Désamorcer la confrontation des peuples

Alexis Tspiras a gagné son pari et largement. Avec près de 60 % des voix en faveur du « non », le leader grec se présentera ce lundi devant les instances européennes paré d’une légitimité plus forte qu’elle ne l’a jamais été. En Grèce.

Pour défendre quoi ? L’Europe, mais l’Europe autrement, si l’on s’en tient à son interprétation. Un peu, beaucoup, à la marge ? C’est le Premier ministre grec qui va décider de la tactique qu’il va mener et du niveau d’exigence qu’il va imposer ou proposer – encore un autre choix – pour la négociation d’un nouveau plan. L’arrogance sera mauvaise conseillère.

Mais là où le leader grec vient de gagner son pari, commence celui des dirigeants européens. Vont-ils maintenir l’idée de Jean-Claude Juncker qu’un « non » au référendum est un « non » des Grecs à l’Europe ? Qui va prendre ce risque plutôt que de tenter d’éviter le chaos consécutif à un Grexit que prédisent certains, en se remettant à négocier ? Mais comment faire admettre par d’autres opinions publiques (les fameuses « 18 démocraties contre une ») que l’on va accorder aux Grecs des « largesses » après qu’ils eurent défié les « terroristes » européens ? La renégociation d’un nouveau plan et l’obligation de le faire approuver par les Parlements nationaux, pourraient provoquer la confrontation directe des démocraties européennes, l’allemande, la slovaque, la bulgare,... et la belge contre la grecque ? Comment refuser à ceux qui le souhaiteraient et en ont la possibilité, de s’exprimer eux aussi par référendum ? La volonté du peuple doit être respectée, dira ce lundi Tsipras aux patrons de l’Europe. Mais ce concept qu’il a fait sortir de sa boîte autrement que par une élection, postule un extrême danger s’il aboutit à dresser des peuples, et non plus des politiques, l’un contre l’autre. C’est le terrible dilemme auquel est soumise l’Europe : trouver un accord avec Tsipras au risque de provoquer des déchirements internes gravissimes dans les pays membres amenés à se prononcer sur ces « largesses », ou signifier aux Grecs qu’ils ont provoqué le destin et qu’ils ne pourront rester dans la zone euro qu’à condition d’en respecter les règles.

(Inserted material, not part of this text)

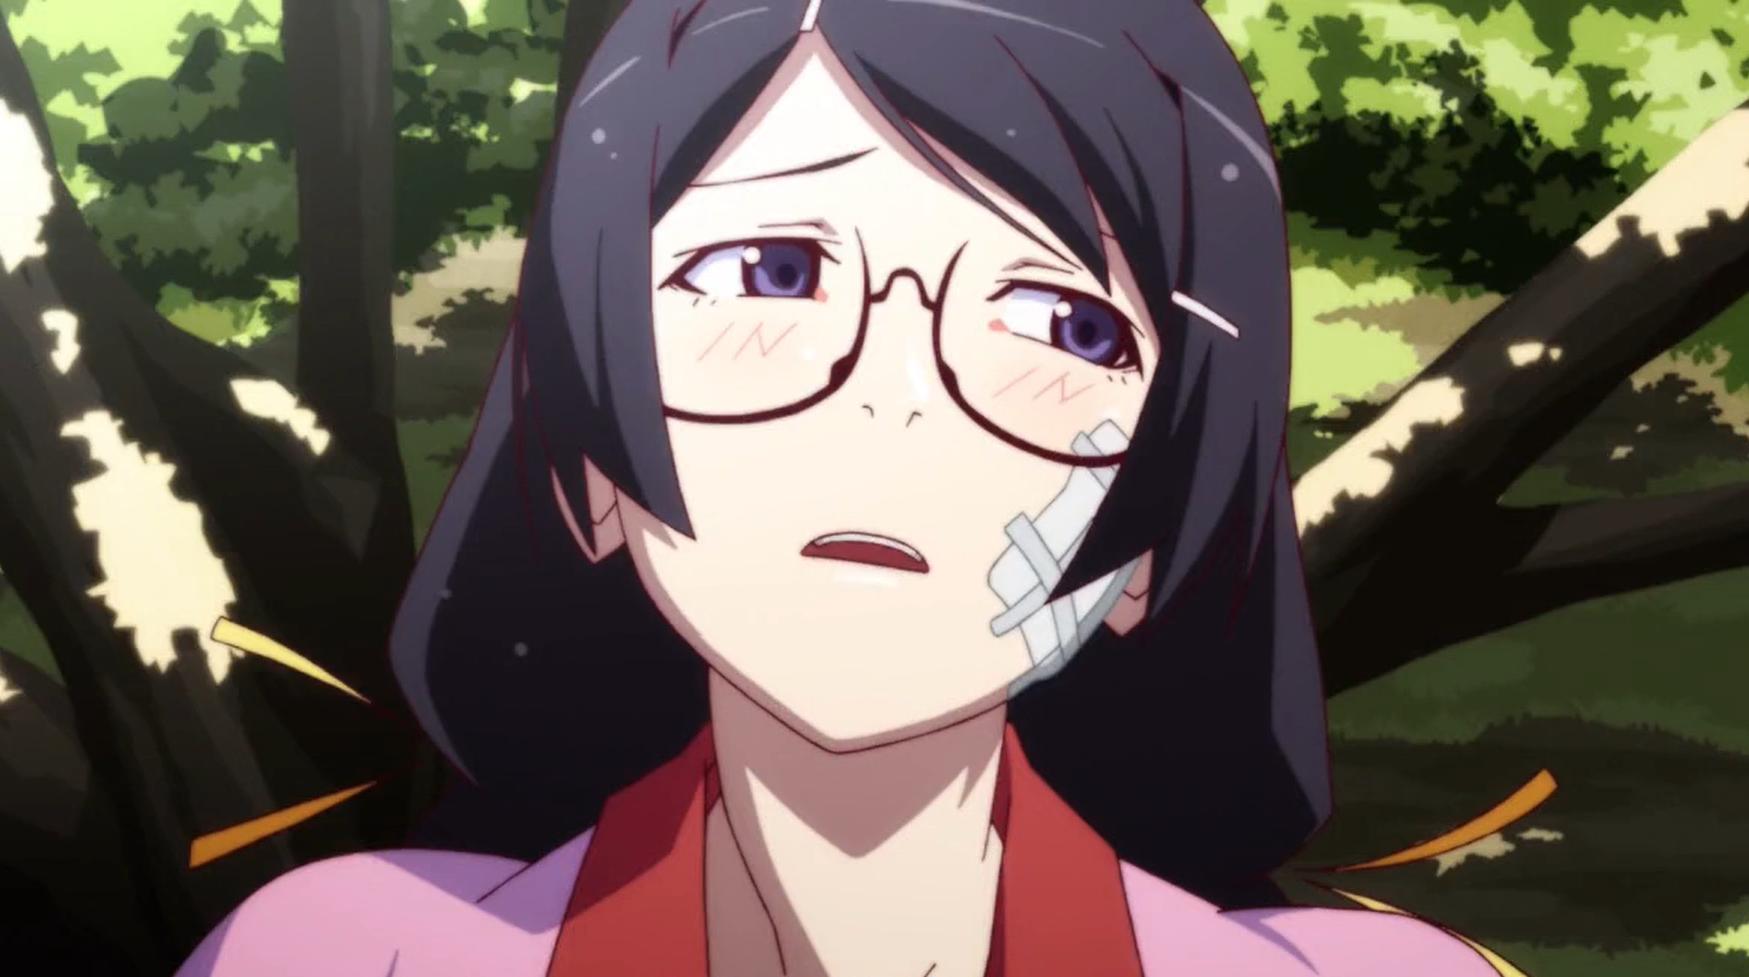 摘下眼鏡十八變,「眼鏡封印術」下的絕美少女

L’idéal serait de trouver une manière de sortir par le haut de la confrontation Grèce-Europe, pour élaborer une solution pour l’ensemble et non pour le cas particulier. En organisant cette conférence de la zone euro sur la dette, proposée par Piketty et d’autres, façon après guerre ? « Un ajustement en faveur des jeunes générations » non pas seulement grecques, mais d’Europe. L’idée a surtout pour mérite de chercher à resolidariser les liens entre les peuples européens et de trouver une manière de mettre fin au chacun pour soi.